The nature of the Solarian League itself, dominated by the permanent bureaucrats who actually ran it rather than the political leadership which had long since lost any power to rein in those bureaucrats, was another factor. As with the civilian bureaucracies, the naval bureaucracy had become immovably entrenched, and the internecine warfare between competing departments for limited funding had been both intense and brutal. Funding decisions were fought out on the basis of who had the most clout, not the greatest need, and owed very little indeed to any impartial analysis of actual operational requirements. So it probably wasn't very surprising that the fundamental assumption of Solarian technological supremacy in all things meant R&D's budget was the smallest of all. After all, since the SLN's technology was already better than anyone else's, why waste money on that when it could more profitably be spent on prestigious things like additional superdreadnoughts . . . or quietly eased into the private banking accounts of Navy procurement officials?
All of which helped to explain why the SLN had also been one of the galaxy's most conservative navies. With thousands of ships in commission, and more thousands mothballed in reserve, its margin of superiority over any conceivable opponent had been utterly decisive. Which meant getting money even to build new ships, or to radically overhaul and modernize existing ones, had always been a difficult exercise. As one consequence, the SLN had been slow to recognize the potential of the laser head, and even slower to adopt it.
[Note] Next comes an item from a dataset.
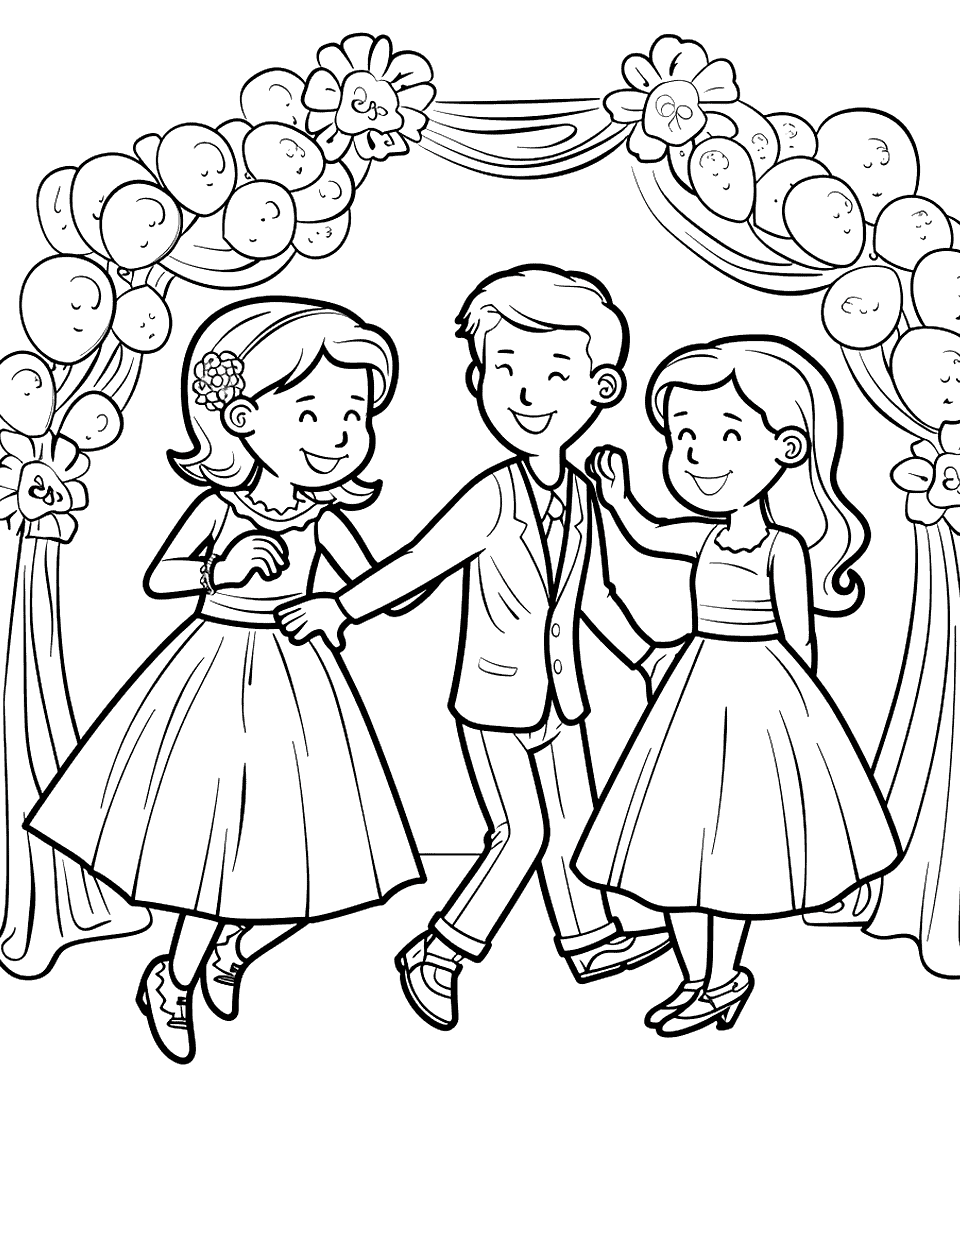 Kids Dancing at the Reception Wedding Coloring Page - Children dancing happily at the wedding reception.

And because no one had ever used similar weapons against it, its evaluation of the threat the new weapon presented—and of the doctrinal changes necessary to defeat it—had lagged behind even its own hardware.
That lag was about to have serious repercussions for SLNSJean Bart.
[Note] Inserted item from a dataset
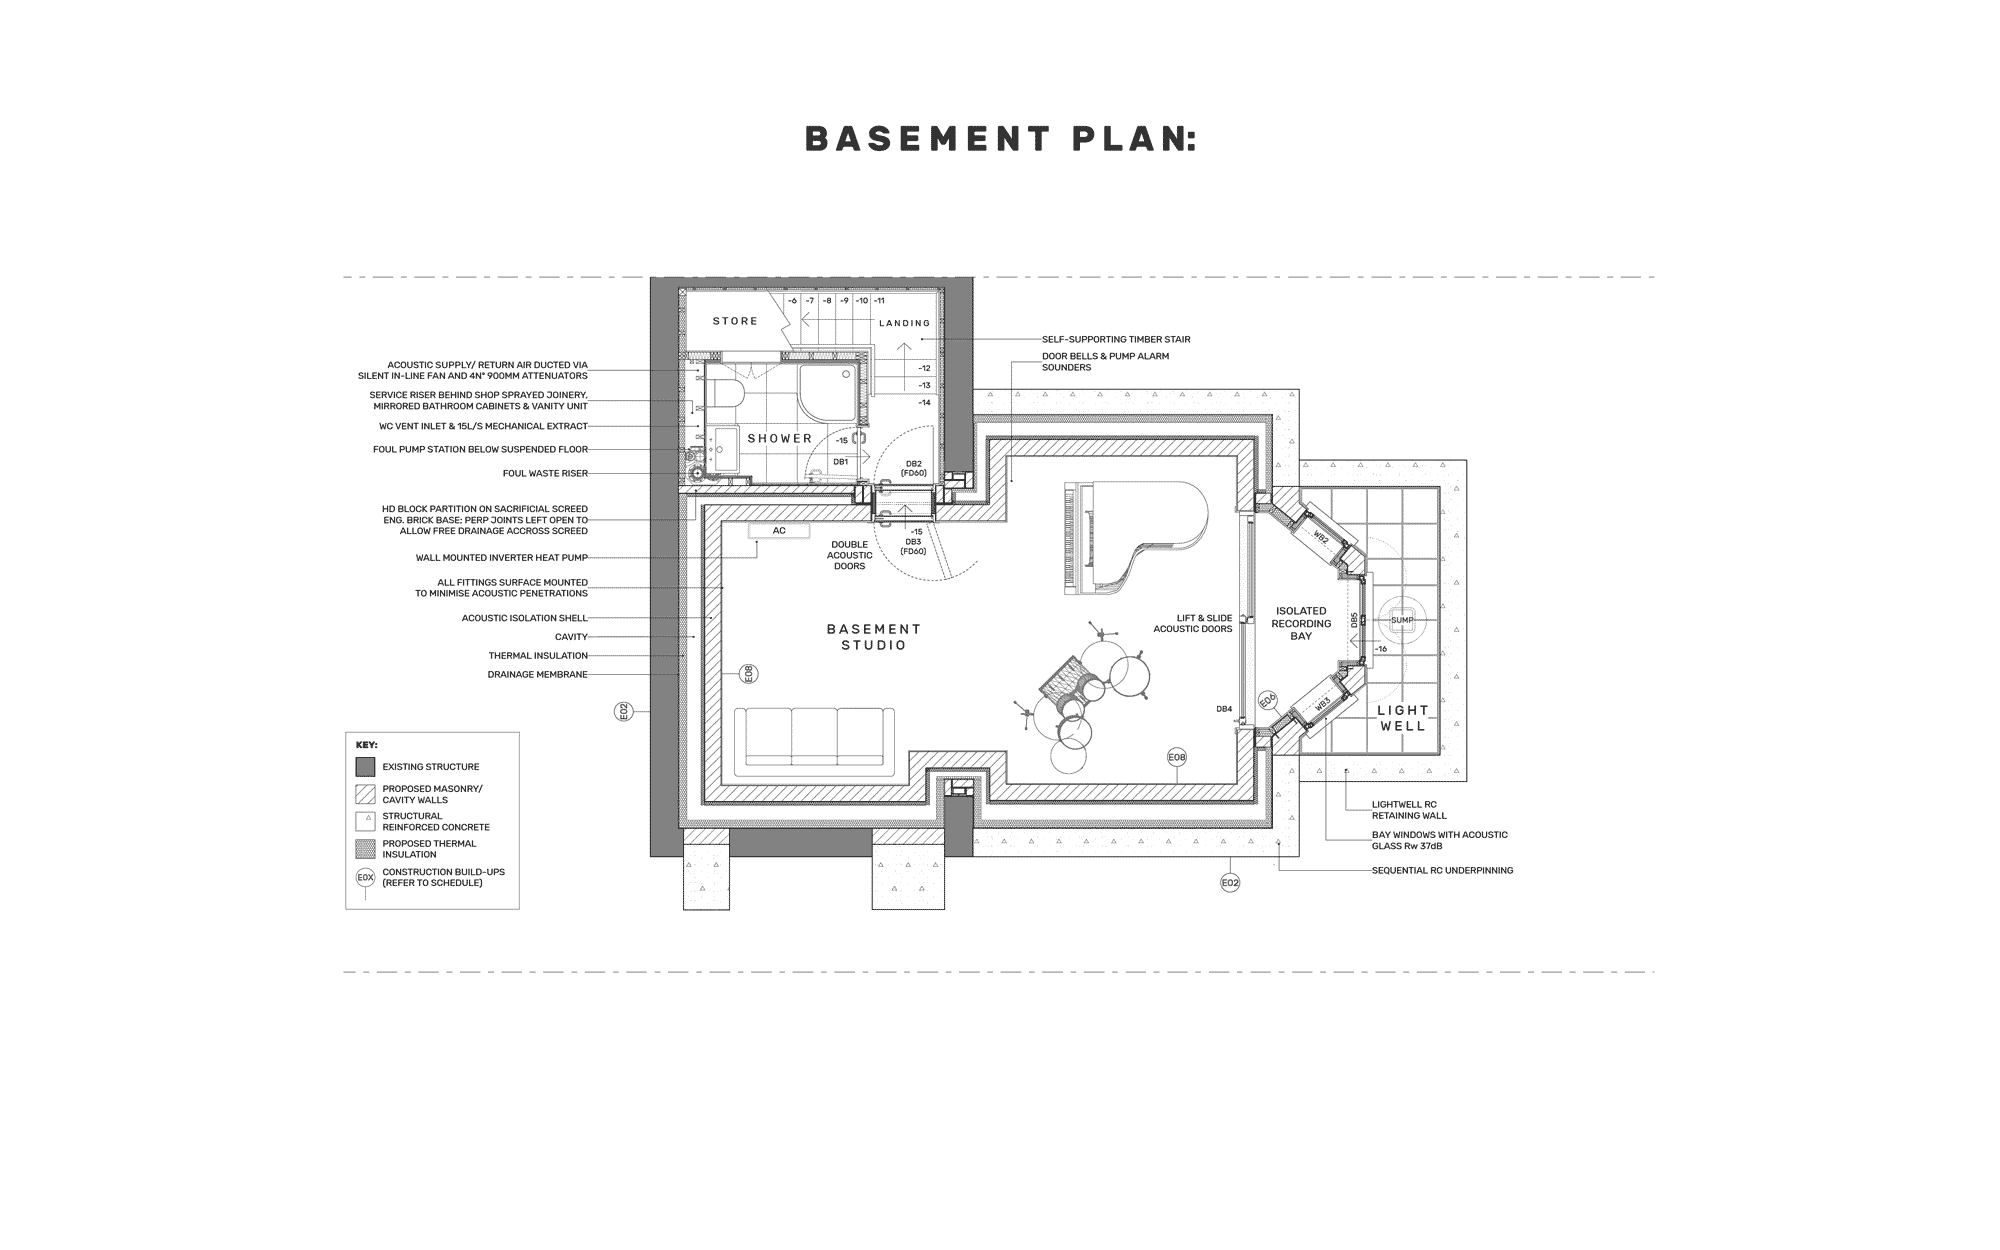 1 to 50 floor plan of basement recording studio and shower room under Victorian house

"Those platforms are definitely decoys, Ma'am," Sherilyn Jeffers said flatly as she watched her displays. "They've spun up now, and Ghost Rider's giving us good data on them."
"What do they look like?" Naomi Kaplan asked.
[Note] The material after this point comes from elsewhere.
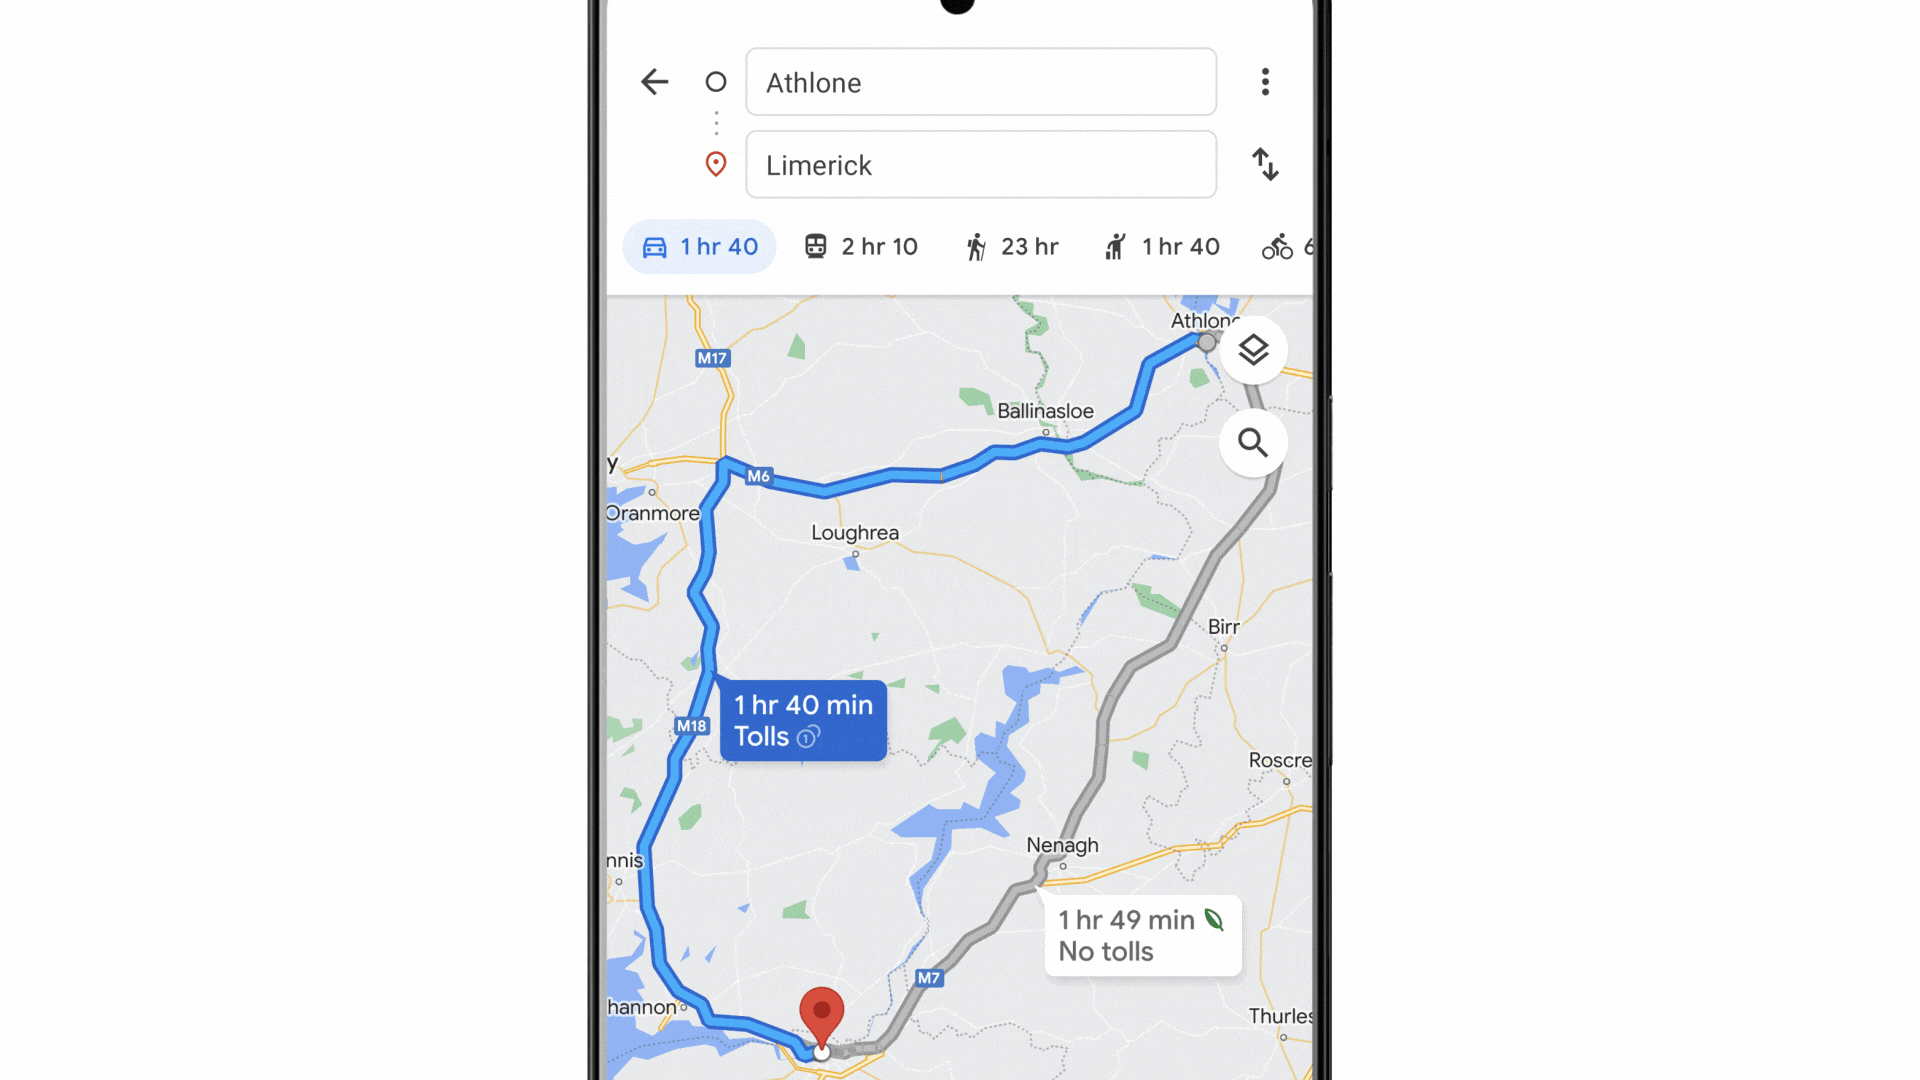 googfle maps new eco friendly routing options in action

"It looks as if the system as a whole is pretty good, Ma'am." The electronics warfare officer tapped a few keys, her eyes intent as she absorbed CIC's analysis of the reconnaissance platforms' datastream. "I'd say the individual platforms probably aren't quite as capable as what we've been seeing out of the Havenites lately, but their combined capability is actually better."
"Enough better that we should've used more missiles, do you think, Guns?" Kaplan asked.
"Oh, no, Ma'am." Abigail never looked up from her own displays and telemetry, and her smile could have frozen a star's heart. "Not that much better. In fact, I'd say their hardware is better than their doctrine. Either that, or their helmsmen are a little shaky. The interval between their units is at least three times anything the Havenites would accept, and that means the other ships' decoys are too far from the target to give it much cover. Our attack birds are going up against just its own platforms, and they aren't good enough to hack it against that much fire without a lot more support."
"Launching counter-missiles," Ursula Zeiss announced tersely, and Mizawa gave a jerky nod of acknowledgment.
He wasn't certain how much good the counter-missiles were going to do. The LIM-16F was a third again as capable as its predecessor, but even so, there wouldn't be time for a proper, layered defense. By the time they reached Jean Bart, the Manticoran missiles' closing velocity would be up to seventy-nine percent of the speed of light. The LIM-16's drive simply didn't have the endurance to hit the monsters the Manties had launched far enough out for an effective second launch at the same targets before they zipped right through the entire defensive envelope.